Суд был сплошной трагикомедией, издевательством первостатейным: ни один свидетель обвинения никогда не видел Бродского, все они основывались на материале той же статьи да еще на материале почему-то им показанного дневника Иосифа, который он вел в 56-м году (т.е. в шестнадцать лет), который был когда-то отобран при обыске и лежал в КГБ. Не помогли ни почтенные свидетели защиты, доказывавшие, что труд поэта и переводчика — это тоже труд (да если учесть исключительно работоспособность Иосифа, который ни в малой степени не представитель «богемы»), ни телеграммы Маршака, Чуковского, Шостаковича. Иосифу дали пять лет поселения «с обязательным привлечением к труду» — высшая мера по указу о тунеядцах. Сейчас он в Архангельской области. Различные люди бьются за пересмотр этого дела, но пока никаких реальных результатов.

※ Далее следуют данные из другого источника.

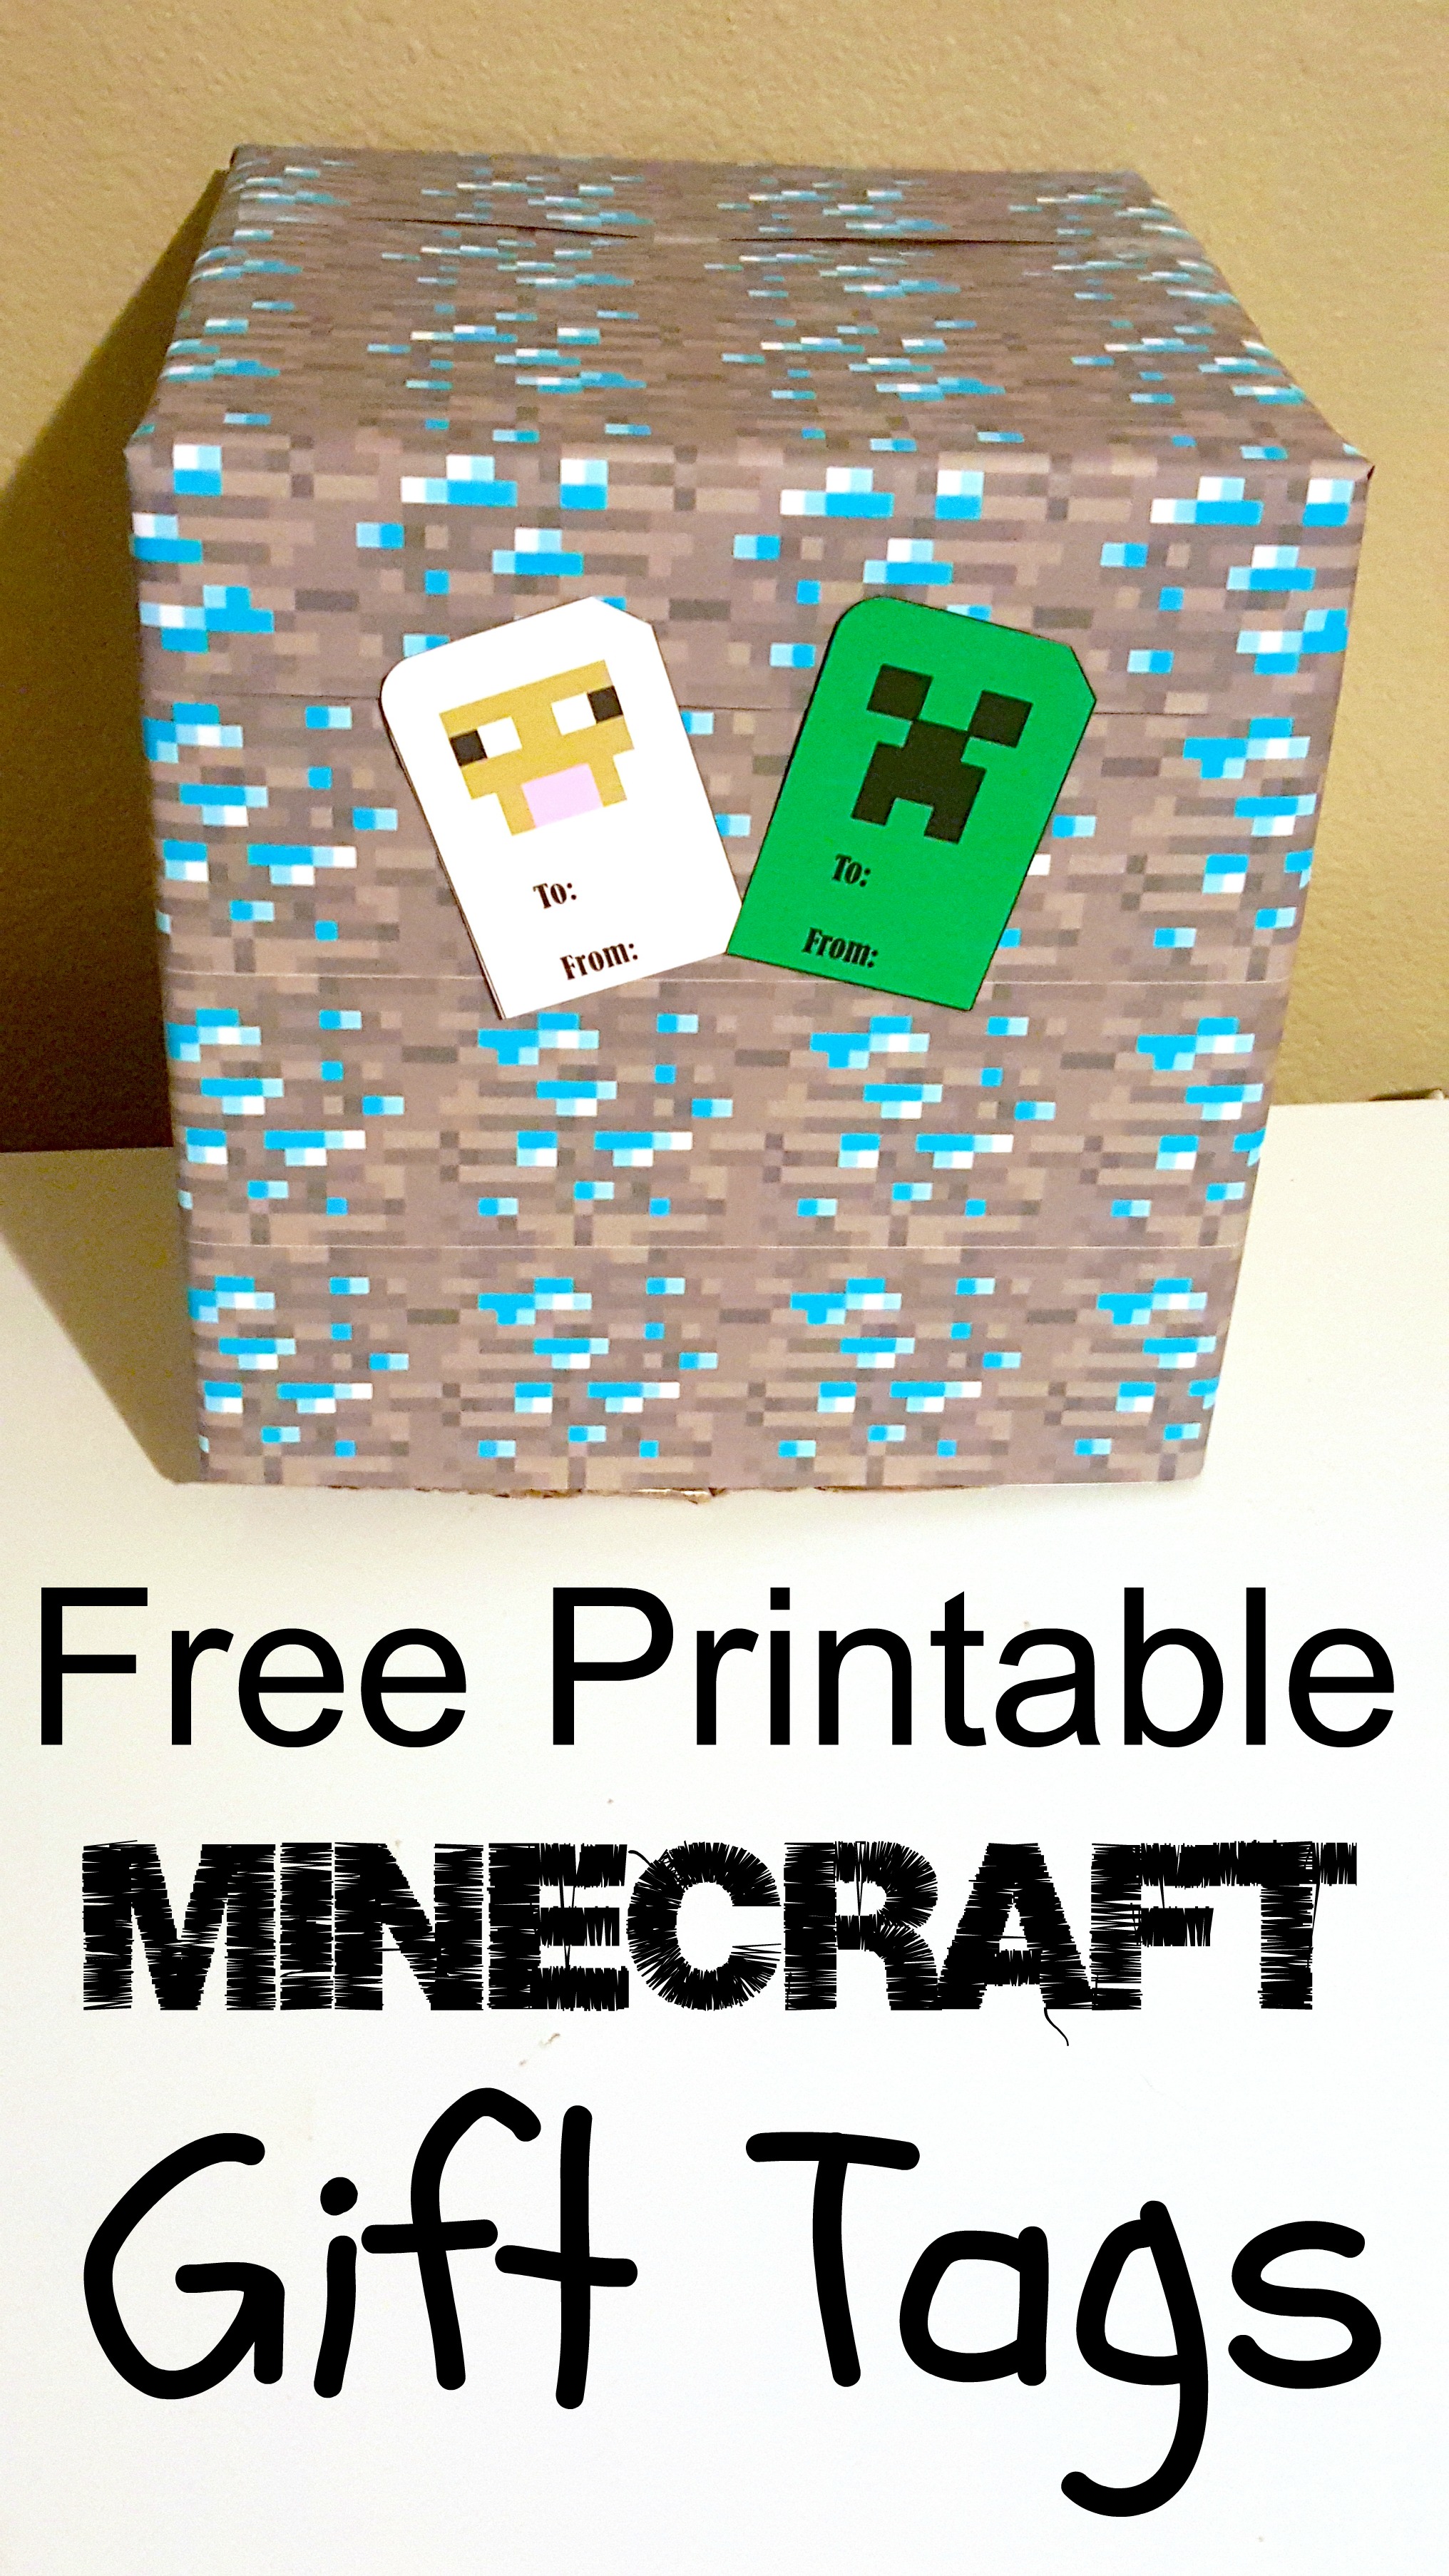 FREE Printable Minecraft Gift Tags
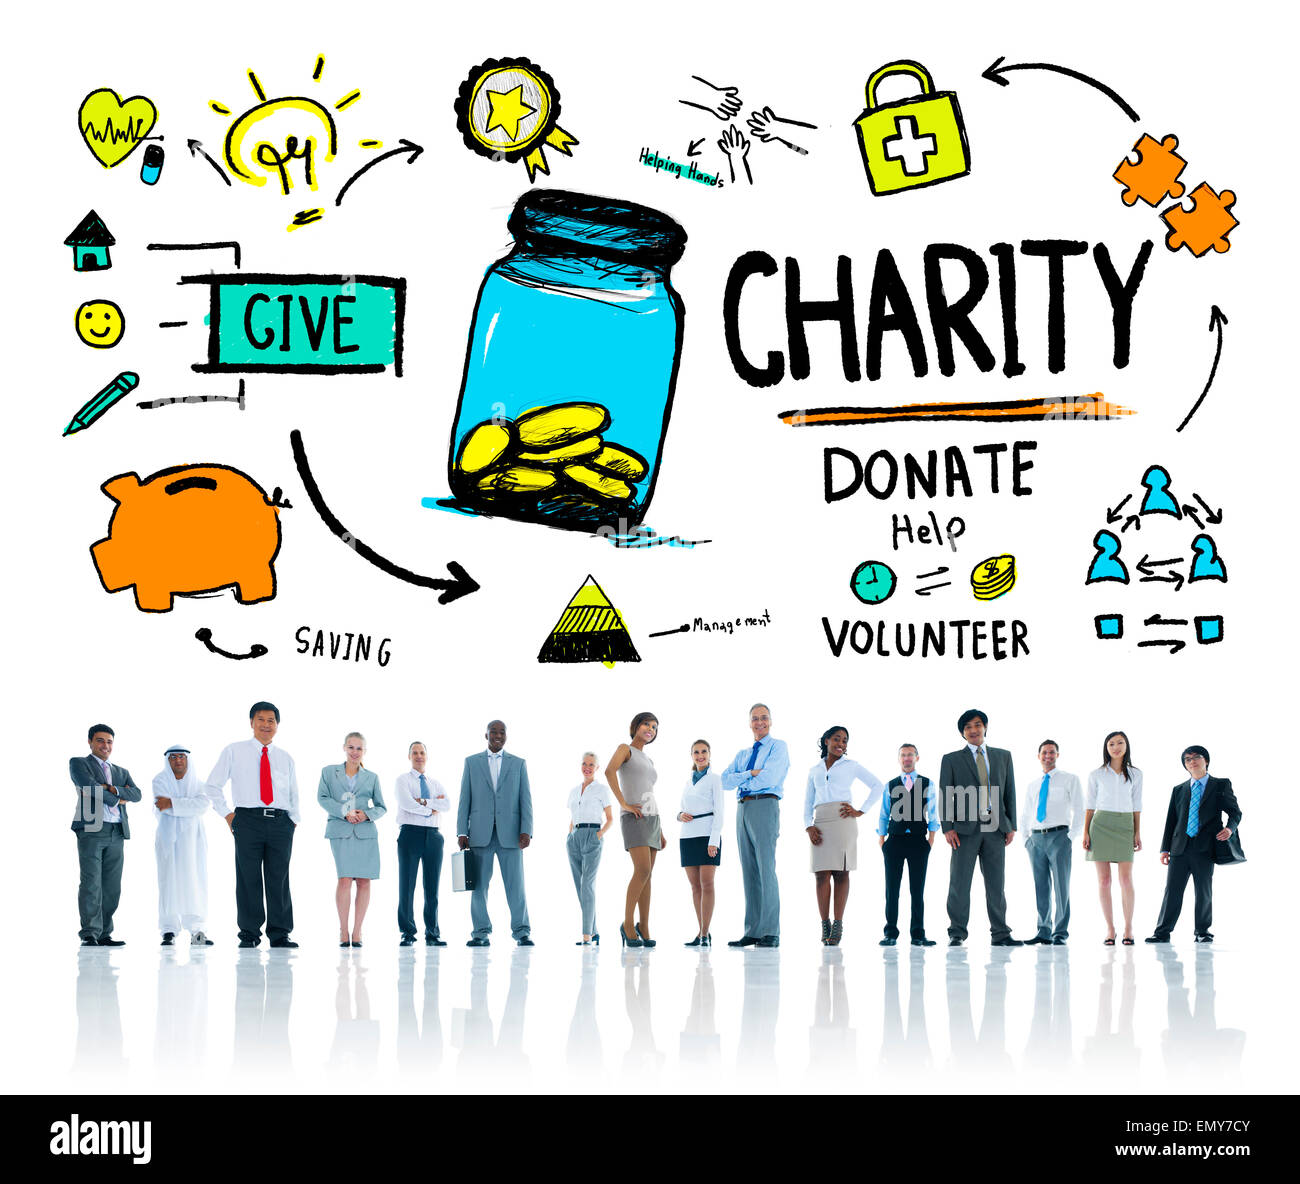 Conceptual Caption Please Donate. Business Concept Supply Furnish Hand Out  Contribute Grant Aid To Charity Abstract Stock Illustration - Illustration  of support, volunteer: 237641659

Вот — увы! — я не думала писать об этом так много, но захотела, чтоб вы представили себе реально, что здесь творится.
Вот еще картинка из ленинградской жизни. В Эрмитаже, приуроченная к его 200-летию, открылась маленькая внутренняя выставочка творчества «работников хоз. части», т.е. грузчиков, рабочих и т.д. Властям она показалась слишком «левой» (хотя ничего более левого, чем женщина голубоватого оттенка, там не было), выставку на второй день прикрыли и — сняли директора Эрмитажа Артамонова и зам. директора по научной части Левинсона-Лессинга. Власти разговаривали с ними изумительно, в обкоме на них кричали, называли на «ты», а когда Левинсон-Лессинг заявил, что, если таково обращение, он уйдет от своей работы, ему закричали: «Да ты уйдешь? Да мы тебя сами уволим!». А еще более выдающийся разговор был в райкоме комсомола (всё тот же гнуснопрославленный Дзержинский район).
— Пора кончать с этими тунеядцами!
— Но какие же они тунеядцы? Это же наши грузчики.
— Они работают, чтоб скрыть свое тунеядство.
Вот логика.
Да, я вам изъяснила ход дела Бродского, но вам ведь осталось непонятным, кому оно было нужно. Выполнено оно при помощи «народной дружины», КГБ и прочих веселых организаций, но вдохновители его — верхушка Ленинградского союза писателей и лично Прокофьев (председатель ленингр. правления союза, лауреат Ленинской премии — как, кстати, и все три заступника Иосифа, — поэт, стихов которого, смею надеяться, вы не знаете, потому что они того не стоят). Иосиф ненавистен им вдвойне — как любимый ученик Ахматовой, которую они травили, травили, да так и не смогли затравить, — главное — как поэт невероятной популярности общеленинградского масштаба (сейчас, кстати, она вырастает до пределов страны, если не более), рядом с которым еще виднее все их пигмейство. Что это не домыслы, подтверждает, например, такой факт. Чуковский до суда ходил в ЦК, там ему сказали: — Да вы знаете, за кого вы хлопочете? Это же второй Ионесян. — И на его удивление добавили: — Да, да, спросите вашего товарища по перу Прокофьева.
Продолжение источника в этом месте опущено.